Opportunity Information: Apply for CDC RFA GH22 2250
The grant opportunity "Improving Electronic Medical Records System Utilization and Data Use in Malawi under the President's Emergency Plan for AIDS Relief (PEPFAR)" is a CDC-funded cooperative agreement designed to help Malawi get more practical value out of the large volume of patient-level information already being collected through electronic medical record systems. Although Malawi has made major investments in point-of-care (POC) EMR systems and the eMastercard system (which captures data retrospectively), and these HIV/TB EMR systems are now implemented across 721 facilities nationwide, the core problem this announcement targets is that the data are not being used consistently or effectively to guide program decisions. In other words, the country has a rich dataset, but it is not yet translating into routine, timely insights that improve HIV and TB service delivery and monitoring.

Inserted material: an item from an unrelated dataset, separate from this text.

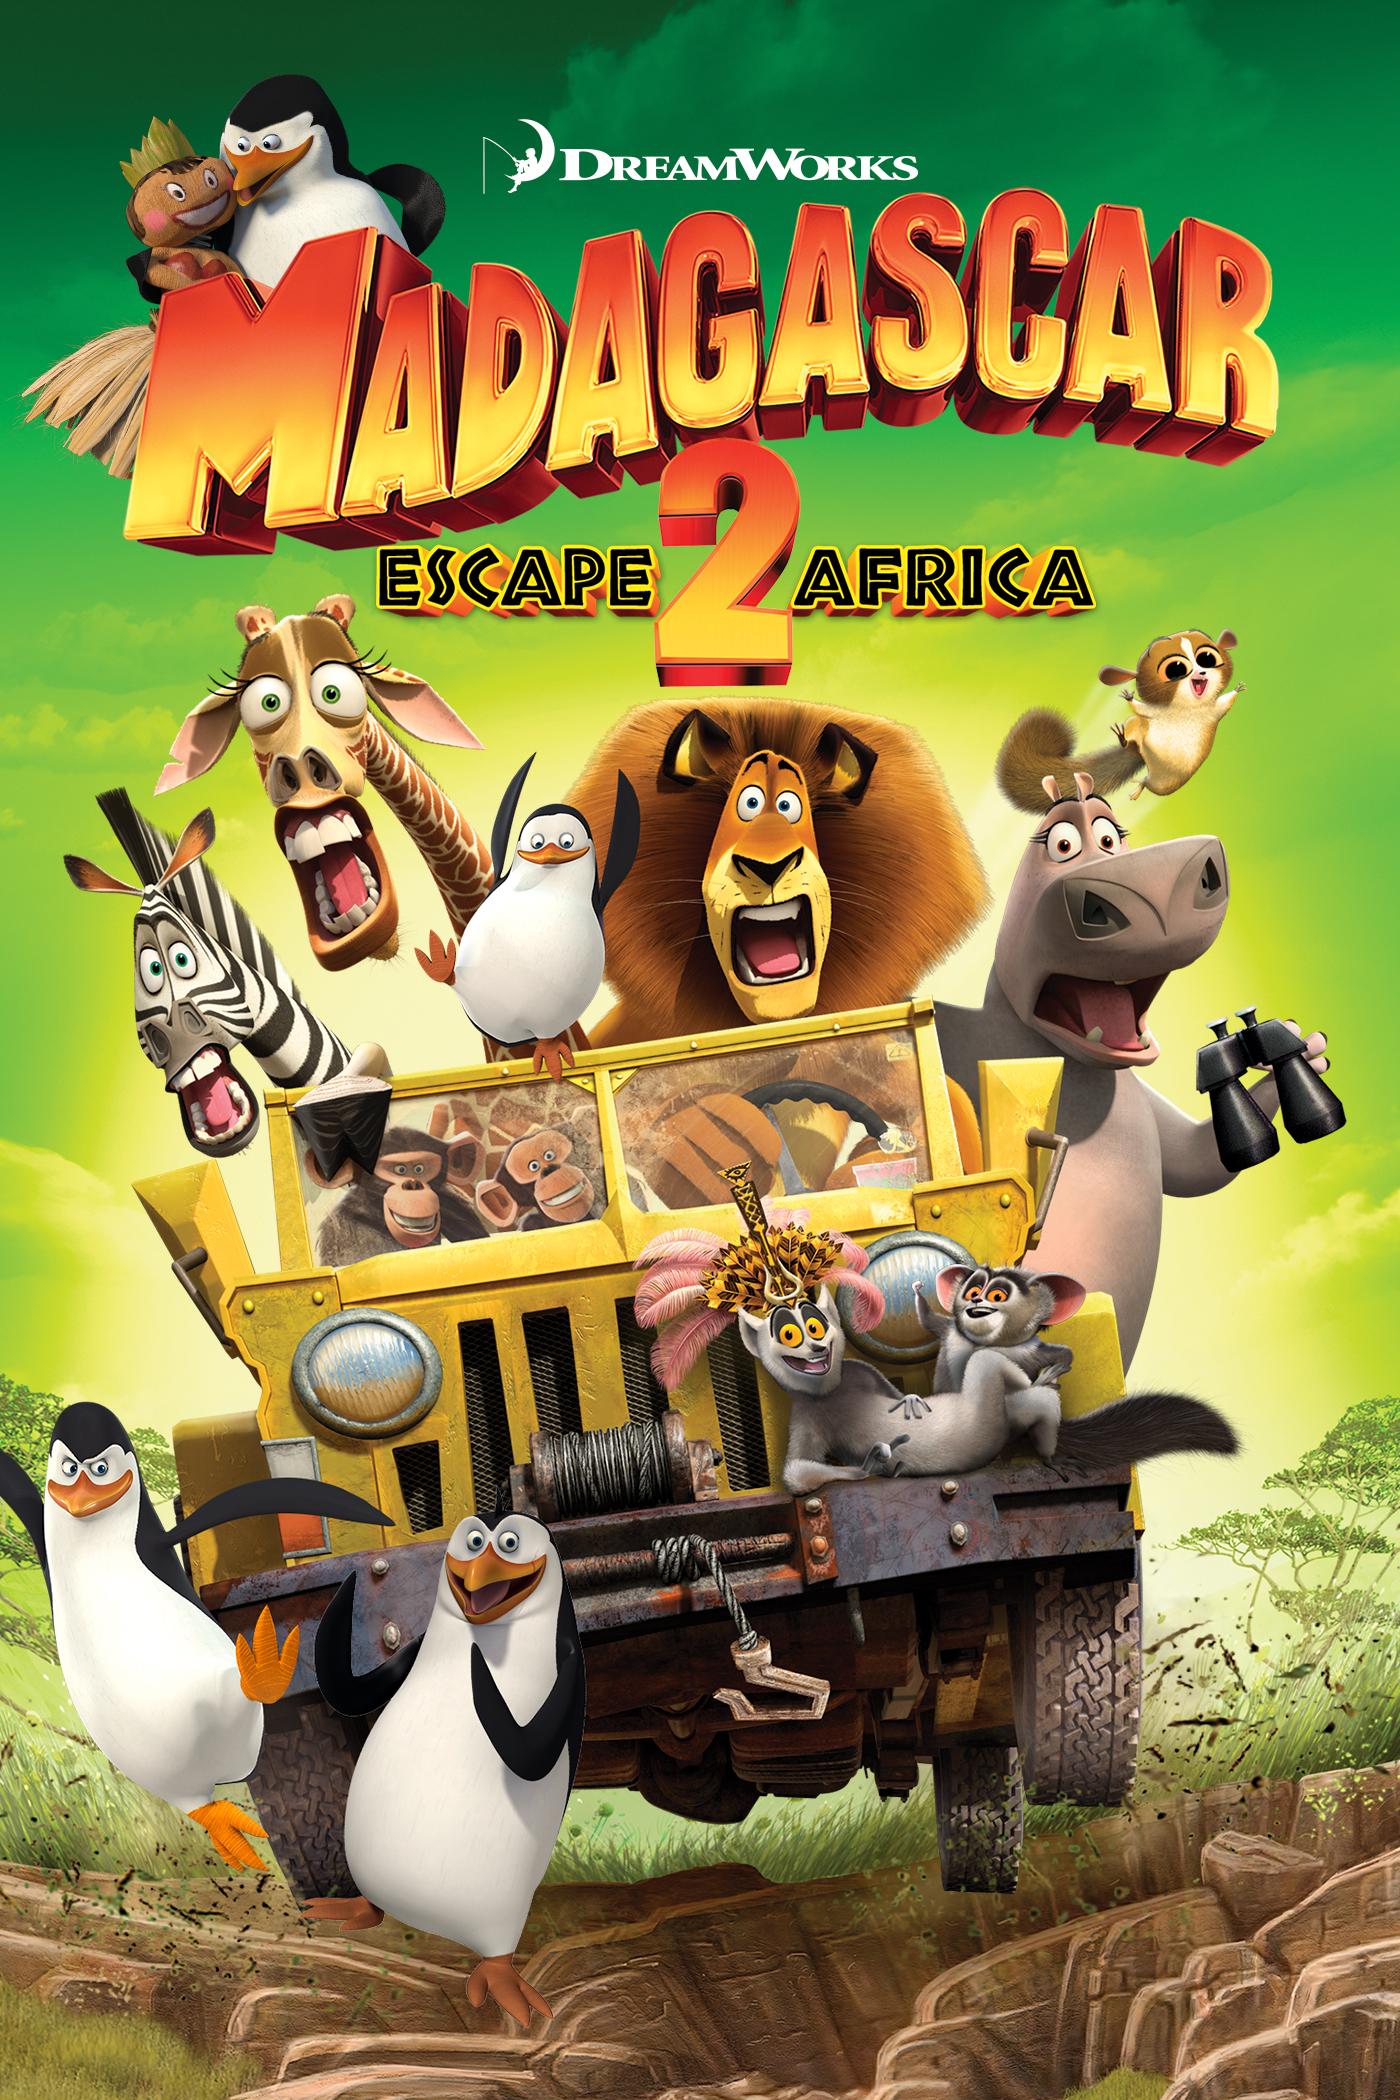 Madagascar Escape 2 Africa Home Video Dreamworks Animation Wiki Fandom

The focus of the notice of funding opportunity (NOFO) is not simply deploying more software, but strengthening the end-to-end "data use" pathway so the EMR becomes a tool for management and performance improvement, not just electronic storage. The recipient is expected to improve EMR utilization by supporting accurate and timely data capture at the point of care, strengthening data cleaning and data management processes, and building more robust analytical databases. From there, the work extends into data analysis, timely reporting, and the development of dashboards and analytics products that can be used at national, district, and facility levels. The intent is to make EMR-derived information more accessible, understandable, and actionable for the Ministry of Health, CDC, and other stakeholders, so decisions can be driven by current evidence rather than delayed summaries or paper-based tallies.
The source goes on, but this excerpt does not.